Explanation of Java character encoding problems (storing files in ANSI format)

Source: Internet
Author: User
Interpretation of coding problems:
Basic concepts:
1, ANSI coding methods, including GBK, GB2312
2, UTF-8 encoding mode iso-10646-1
3, IE browser normal (default) in the case only to resolve to the ANSI storage of Chinese, otherwise garbled. ANSI (GB2312) is the fastest way to parse more Web pages in Chinese.
4, if the use of FileWriter class output, using the encoding (UFT-8) (winxp,win7) output.
5, if the use of OutputStreamWriter ((new FileOutputStream (f)), "GB2312" way to force the output to ANSI encoding.
The following is the solution code for the Chinese garbled problem in HTML.
-----------------------------------------------------------------------------------------------
Explain:
The main difference between byte streams and characters is their way of handling
Byte throttling is the most basic, all inputstream and outputstream subclasses are mainly used in processing binary data, which is processed in bytes
But in fact many data is the text, also proposed the concept of the character stream, it is according to the virtual machine's encode to deal with, is to carry on the character set transformation
The two are associated through Inputstreamreader,outputstreamwriter, actually by byte[] and string.
The problems of Chinese characters in the actual development are actually caused by the transformation between the character stream and the word throttling.
When converting from byte to character stream, which is actually byte[] into a string,
public string (byte bytes[], string charsetname)
There is a key parameter character set encoding, which is usually omitted, and the system uses the OS Lang
When a character is converted to a byte stream, it is actually a string that converts to byte[]
Byte[] String.getbytes (String charsetname)
It's the same thing.
As for the java.io, there are many other flows, which are mainly designed to improve performance and ease of use,
such as Bufferedinputstream,pipedinputstream, etc.
------------------------------------------------------------------------------------------------
Import Java.io.File;
Import Java.io.FileOutputStream;
Import Java.io.OutputStreamWriter;


public class Charsettest {//forced to store files in ANSI mode
public static void Main (string[] args) throws Exception {
File F=new file ("c:\\f1.html");
String str= "OutputStreamWriter osw=new OutputStreamWriter (new FileOutputStream (f)), "GB2312");
OutputStreamWriter is the bridge of character flow to byte stream
FileOutputStream this abstract class is a superclass of all classes that represent the output byte stream.
The output stream accepts output bytes and sends those bytes to a sink.
Osw.write (str);
Osw.flush ();
Osw.close ();
}
}

Contact Us

The content source of this page is from Internet, which doesn't represent Alibaba Cloud's opinion; products and services mentioned on that page don't have any relationship with Alibaba Cloud. If the content of the page makes you feel confusing, please write us an email, we will handle the problem within 5 days after receiving your email.
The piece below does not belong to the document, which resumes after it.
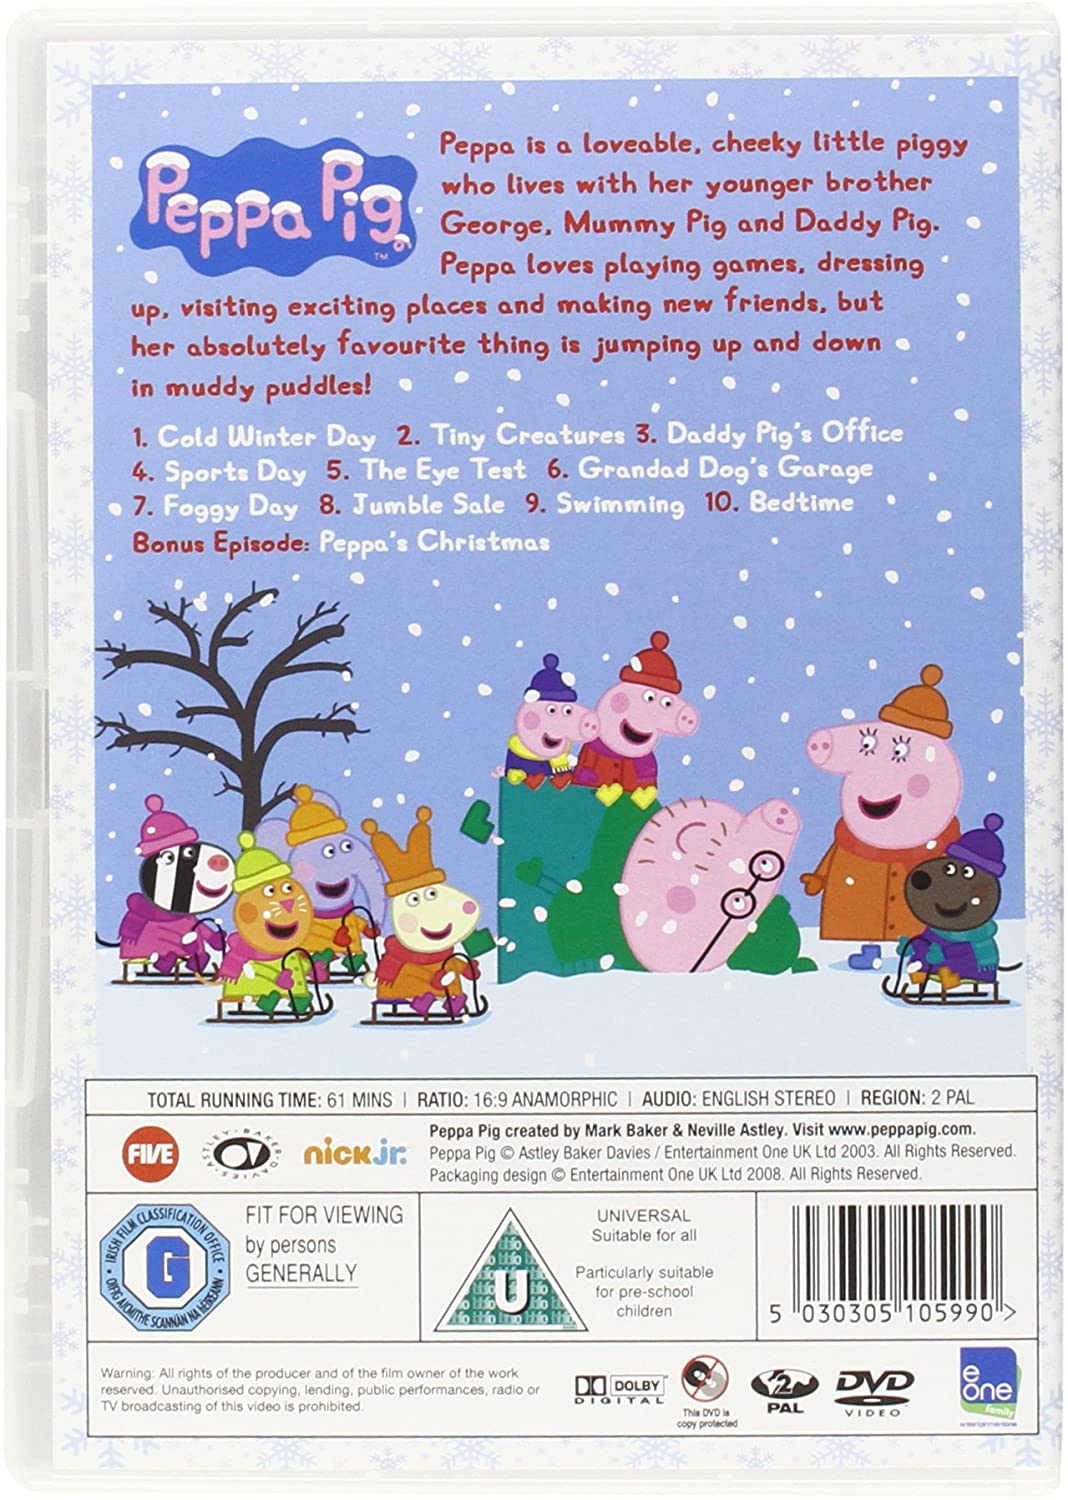 Peppa Pig: Cold Winter Day [Volume 10]

If you find any instances of plagiarism from the community, please send an email to: info-contact@alibabacloud.com and provide relevant evidence. A staff member will contact you within 5 working days.

A Free Trial That Lets You Build Big!

Start building with 50+ products and up to 12 months usage for Elastic Compute Service

  • Sales Support

    1 on 1 presale consultation

  • After-Sales Support

    24/7 Technical Support 6 Free Tickets per Quarter Faster Response

  • Alibaba Cloud offers highly flexible support services tailored to meet your exact needs.